Focus on Blocking China’s Sanctions Evasion... U.S.-China Tensions Likely to Resurface
The background to the U.S. government’s announcement of additional export controls after about a year is the assessment that last year’s regulations alone were insufficient to curb China’s technological rise, which threatens U.S. security. A senior administration official said in a background briefing the day before that the U.S. government had identified numerous attempts by China to circumvent existing sanctions, and recent breakthroughs in generative AI and other technologies have provided greater insight into the development and use of large language models. Some analysts also suggest that the recent launch of Huawei’s new smartphone ‘Mate 60 Pro,’ equipped with a 7nm (nanometer, one billionth of a meter) process chip, despite U.S. advanced technology sanctions, influenced the decision.

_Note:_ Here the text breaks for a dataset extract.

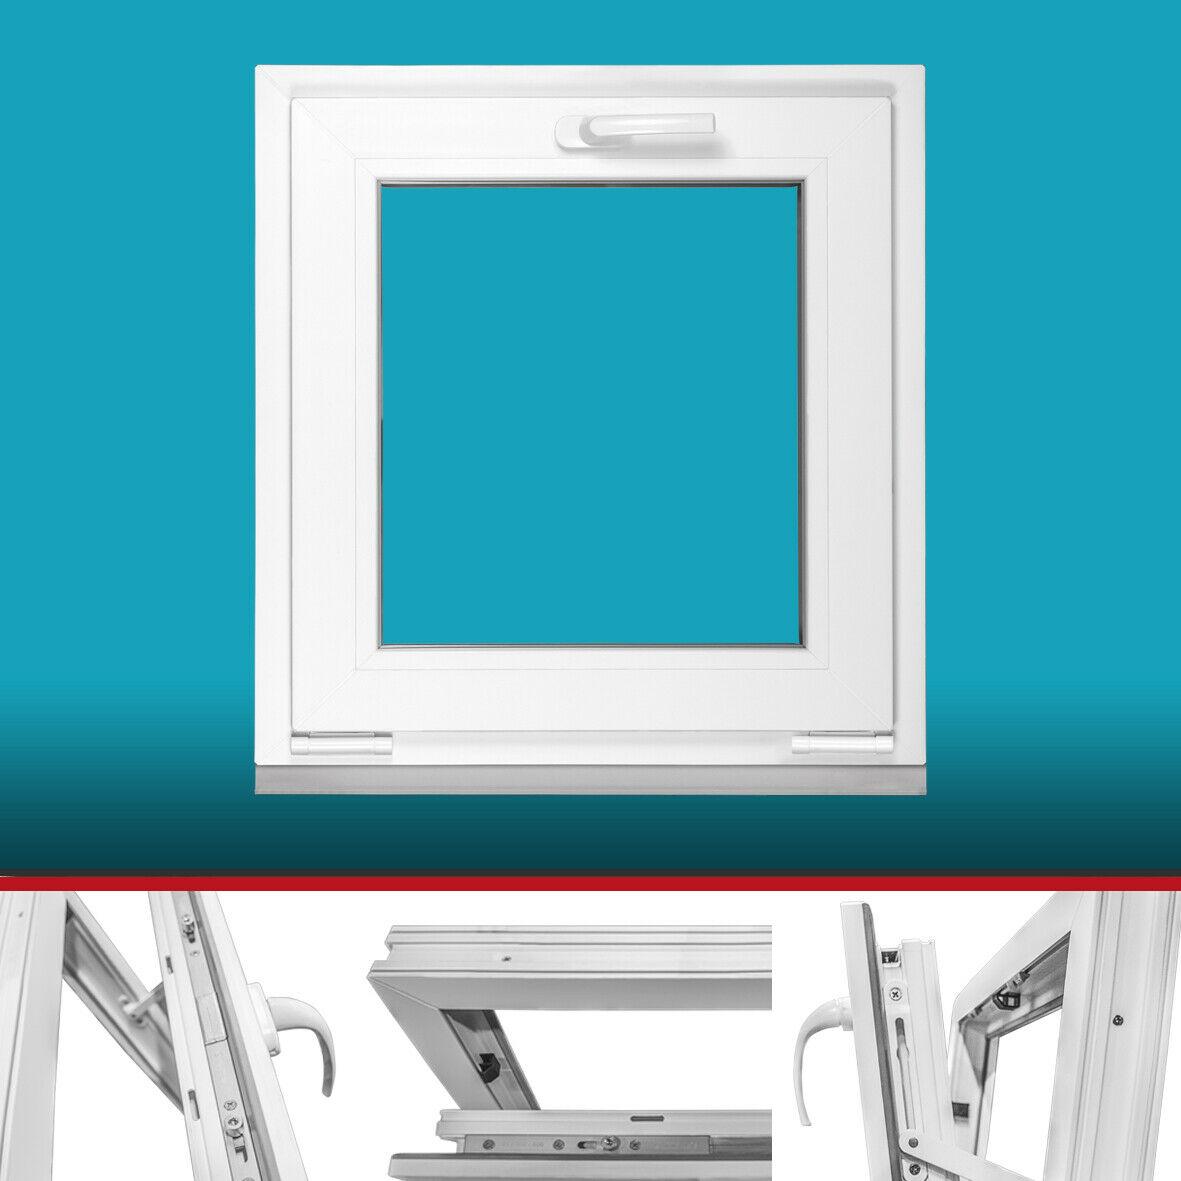 3-Fach-Verglasung BxH 500x500 // 50x50 DIN Links Fenster Lagerware Wunschma/ße m/öglich Kellerfenster wei/ß Kunststoff

Secretary Raimondo described this as "incredibly concerning."
The Commerce Department plans to update these measures annually to address any loopholes in export controls. On the same day, the department also announced the inclusion of Chinese semiconductor design companies Moors Thread and Biren on the blacklist.
This export control announcement is particularly notable as it comes ahead of an expected face-to-face meeting between President Joe Biden and Chinese President Xi Jinping at the Asia-Pacific Economic Cooperation (APEC) summit in November. Following China’s earlier regulations targeting Micron, semiconductors are once again emerging as a flashpoint in U.S.-China relations. The tensions between the two countries, which had appeared to ease somewhat with visits by U.S. Secretary of State Antony Blinken and others to China earlier this year, may escalate again.

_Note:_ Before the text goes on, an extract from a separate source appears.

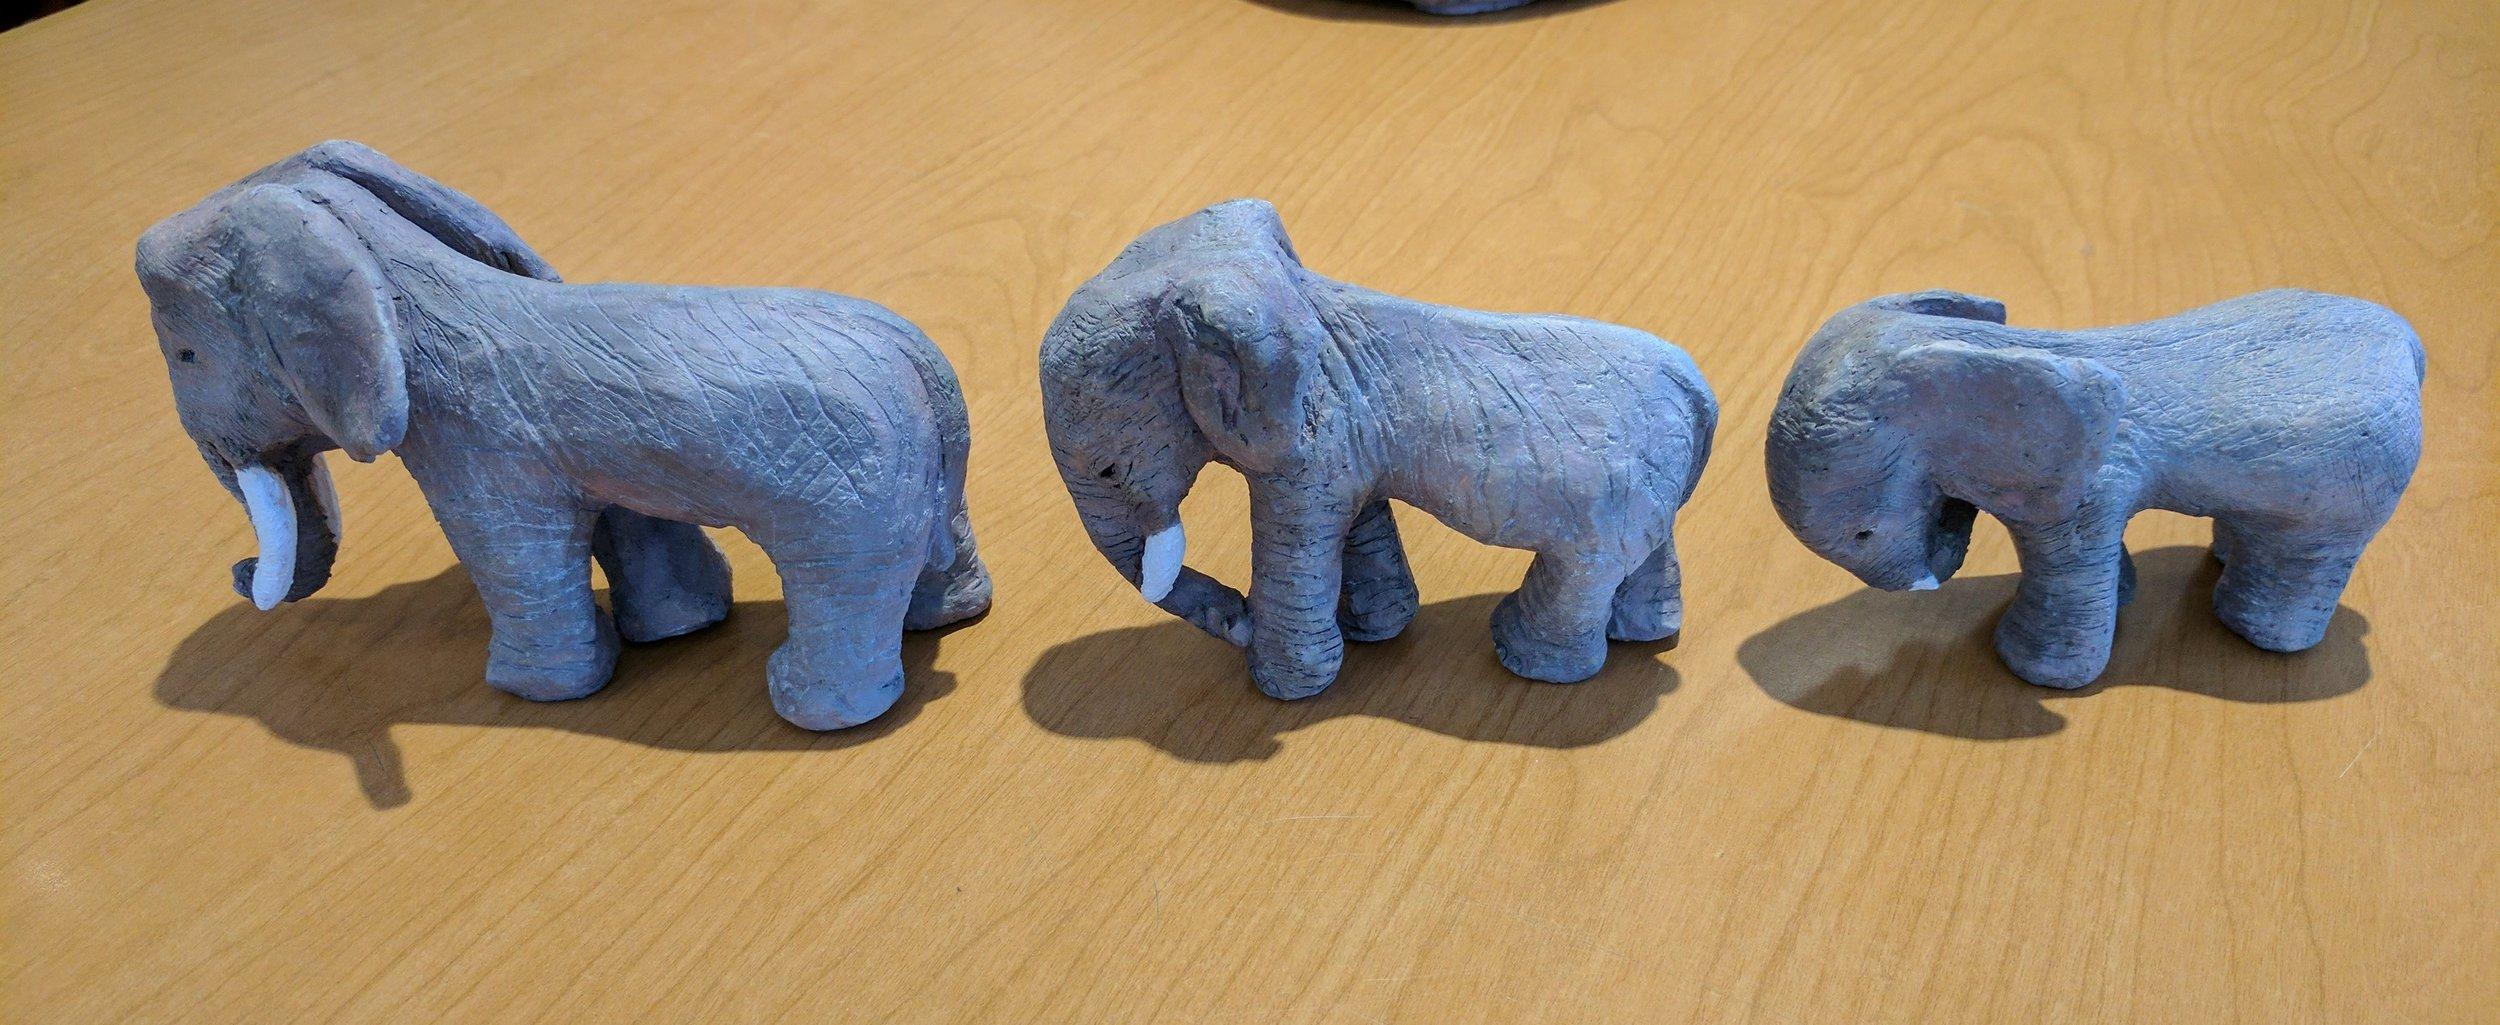 Little Elephants  #1.jpg

Julian Evans-Pritchard, head of China economics at Capital Economics, recently noted in an investor memo that "China’s technological capabilities in developing large-scale AI models will ultimately be hindered by U.S. export controls," and analyzed that "AI has the potential to reshape productivity over the next 20 years, which could have broader impacts on the Chinese economy."
No Direct Impact on Korean Companies... Stock Prices of Nvidia, Broadcom, etc. Decline
The Semiconductor Industry Association (SIA), which includes companies like Intel and Nvidia, immediately opposed the measures. The new controls effectively draw a line, telling U.S. semiconductor companies to give up on circumventing exports to China. The SIA stated, "We recognize the need to protect national security," but argued, "Overly broad and unilateral controls do not enhance national security and risk harming the U.S. semiconductor ecosystem."

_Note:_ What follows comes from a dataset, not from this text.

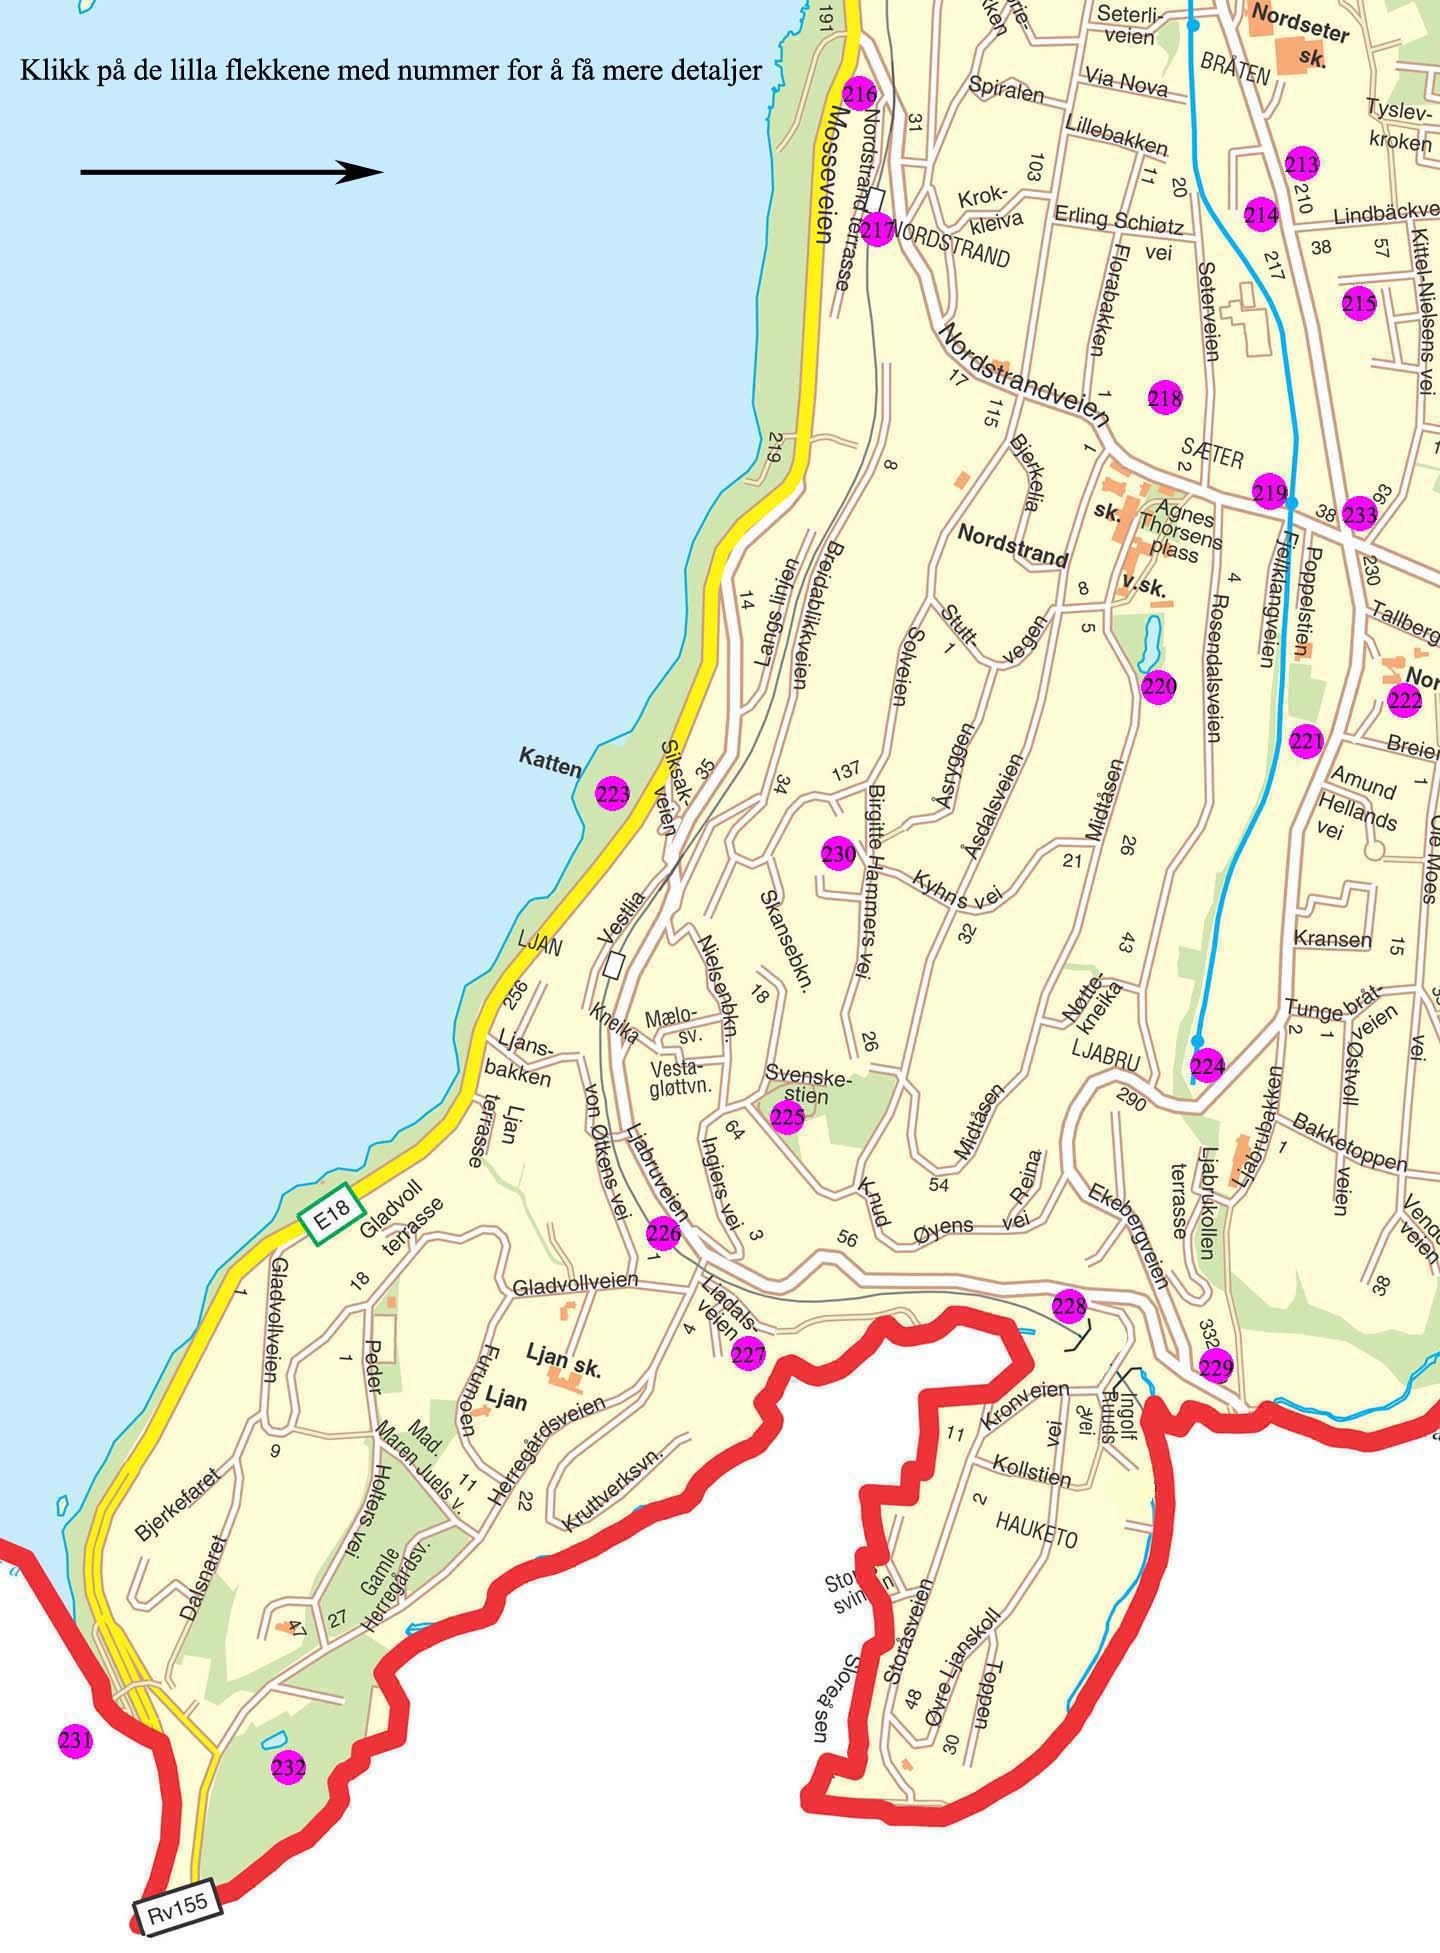 Kart Bydel Nordstrand

However, Korean companies that do not produce AI chips are expected to be unaffected directly by the new measures. Recently, Korean firms have received indefinite exemptions from U.S. sanctions under the "Verified End User (VEU)" framework, allowing the import of U.S. semiconductor equipment into Chinese factories.
On the day of the announcement, semiconductor-related stocks declined on the New York Stock Exchange. Nvidia, a leading AI semiconductor stock, saw its share price drop by about 4% compared to the previous session. Broadcom, Intel, and others also fell by more than 1%. Nvidia relies on the Chinese market for about 20% of its total sales.